# Saturday Fad Run



## Fishing Dawg (Dec 24, 2015)

We headed out to east side fads and hit all 4 (5,6,7 and 8). Mahi was everywhere out there Probably caught 45 to 50 and kept 26. My buddy followed us out with his family and caught around 30 and kept 21. Look forward to many fish tacos at home off this trip and already went down to the marina at Baytowne and had them fix some. We trolled for 3 hours on way back for wahoo and picked up one Mahi. Such a great trip we covered around 200 miles total round trip! Rigs are up next, but going to try and do a black fin tuna and wahoo run this Friday before heading back to Athens, Ga.....


----------



## CurDog (Nov 14, 2010)

Nice catch, had to been nothing but FUN !!! 

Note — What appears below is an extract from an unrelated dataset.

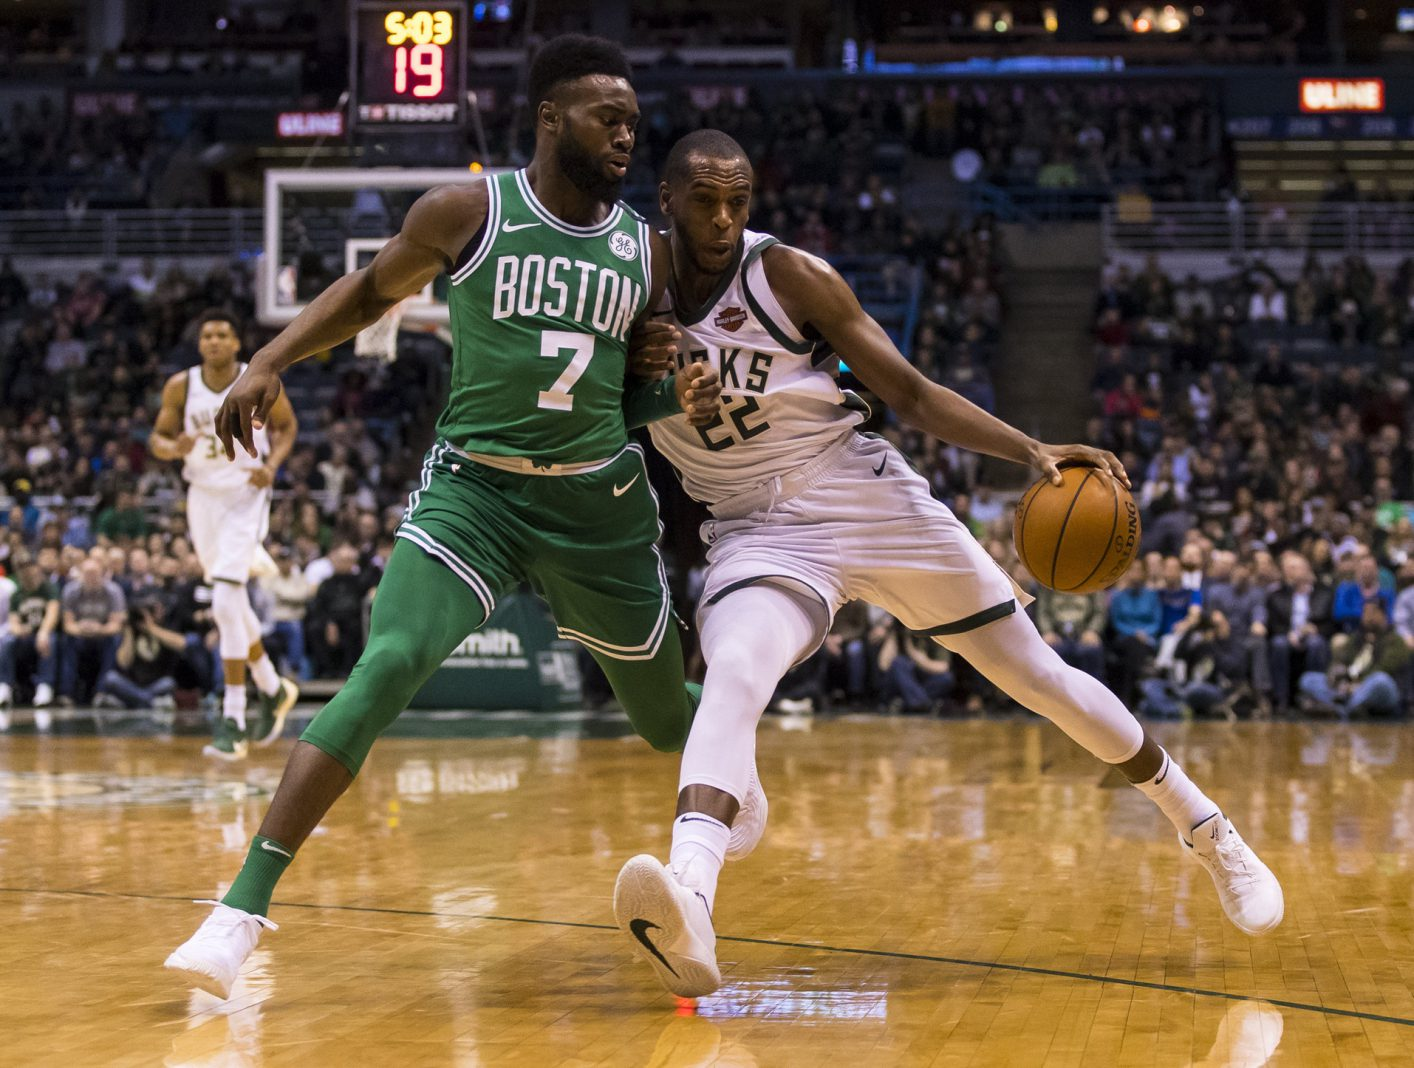 Recap: Shorthanded Celtics smacked around in paint vs. Bucks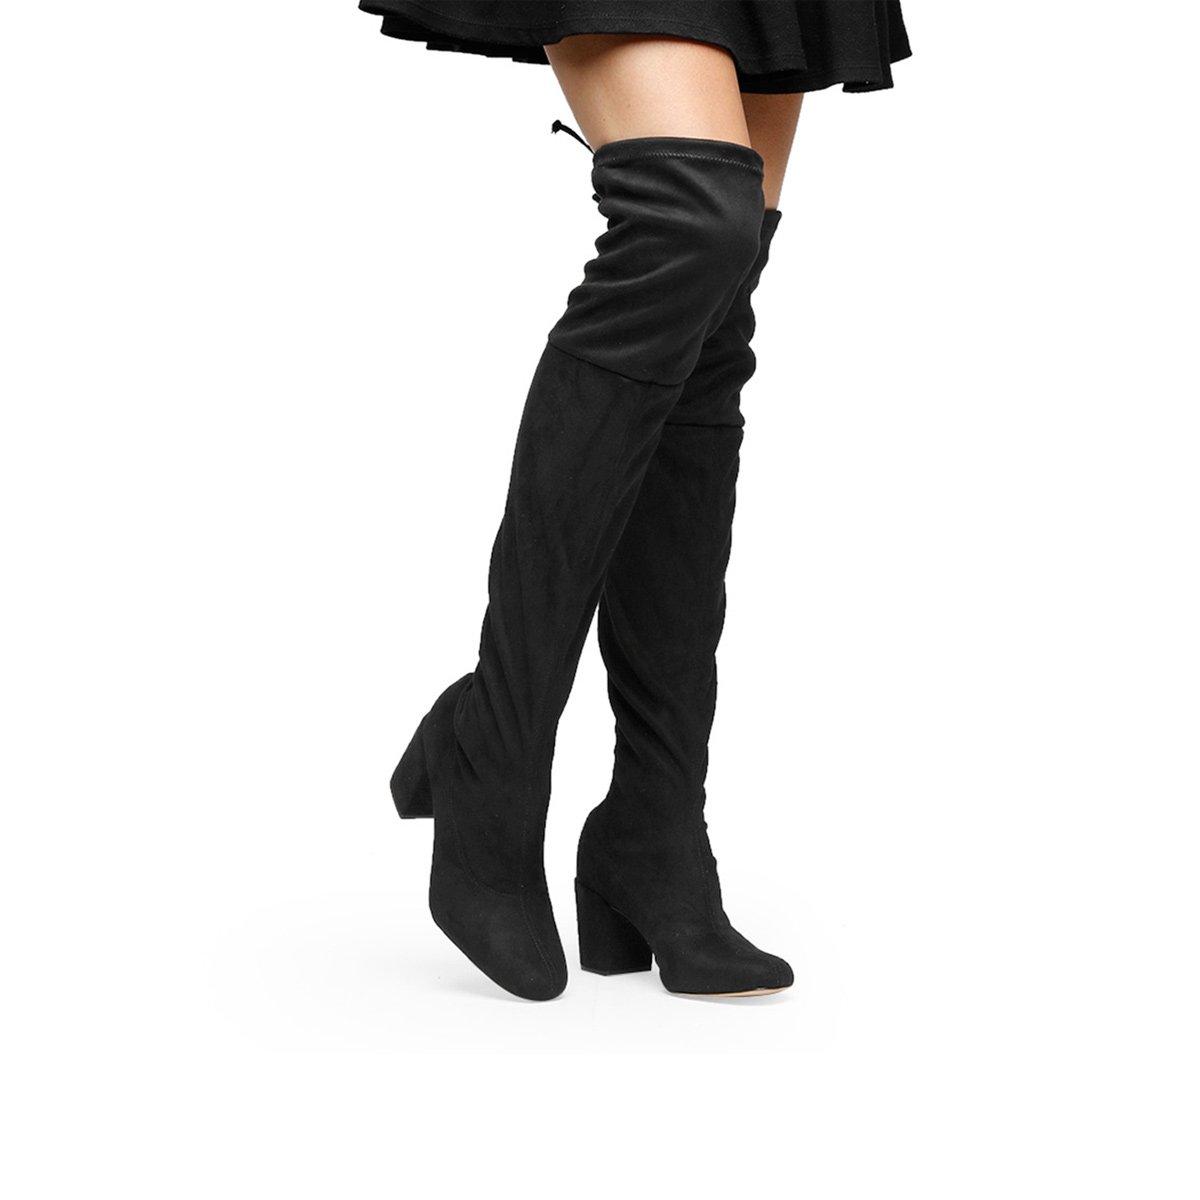 ebc5d99b96 Bota Meia Over The Knee Shoestock Salto Grosso Feminina

What were you using for them? Trolling Lures, Natural/Live Bait?


----------



## Fishing Dawg (Dec 24, 2015)

CurDog said:


> Nice catch, had to been nothing but FUN !!!
> 
> What were you using for them? Trolling Lures, Natural/Live Bait?


We used live bait drifting within 100 yards of Fad but my buddies family had limited live bait and caught them on frozen cigar minnows..... We could have caught over a 100 without much effort they were hungry!


----------



## CurDog (Nov 14, 2010)

I Love those kinda days. Thanks


----------



## SurfRidr (Apr 24, 2012)

Nice trip! sounds like a blast


----------



## jack2 (Mar 19, 2010)

long drive from atl. but looks like it was worth it. congrats on the meat run.
my son's in canton. where you at?
jack


----------



## Fishing Dawg (Dec 24, 2015)

jack2 said:


> long drive from atl. but looks like it was worth it. congrats on the meat run.
> my son's in canton. where you at?
> jack


Athens GA and Destin Harbor


----------



## Walton County (Aug 23, 2016)

Nice. Is that a 365 Everglades?


----------



## Realtor (Oct 1, 2007)

love those things on lighter tackle... I like to see 'em jump..


----------



## propwash0425 (Nov 22, 2017)

Nice box. Different story where we were at in the west side. They were slow to bite and acting lethargic. But they could have been worked too much before us. Nonetheless nice work!


----------



## Fishing Dawg (Dec 24, 2015)

Walton County said:


> Nice. Is that a 365 Everglades?


Yes sir


----------



## Fishing Dawg (Dec 24, 2015)

propwash0425 said:


> Nice box. Different story where we were at in the west side. They were slow to bite and acting lethargic. But they could have been worked too much before us. Nonetheless nice work!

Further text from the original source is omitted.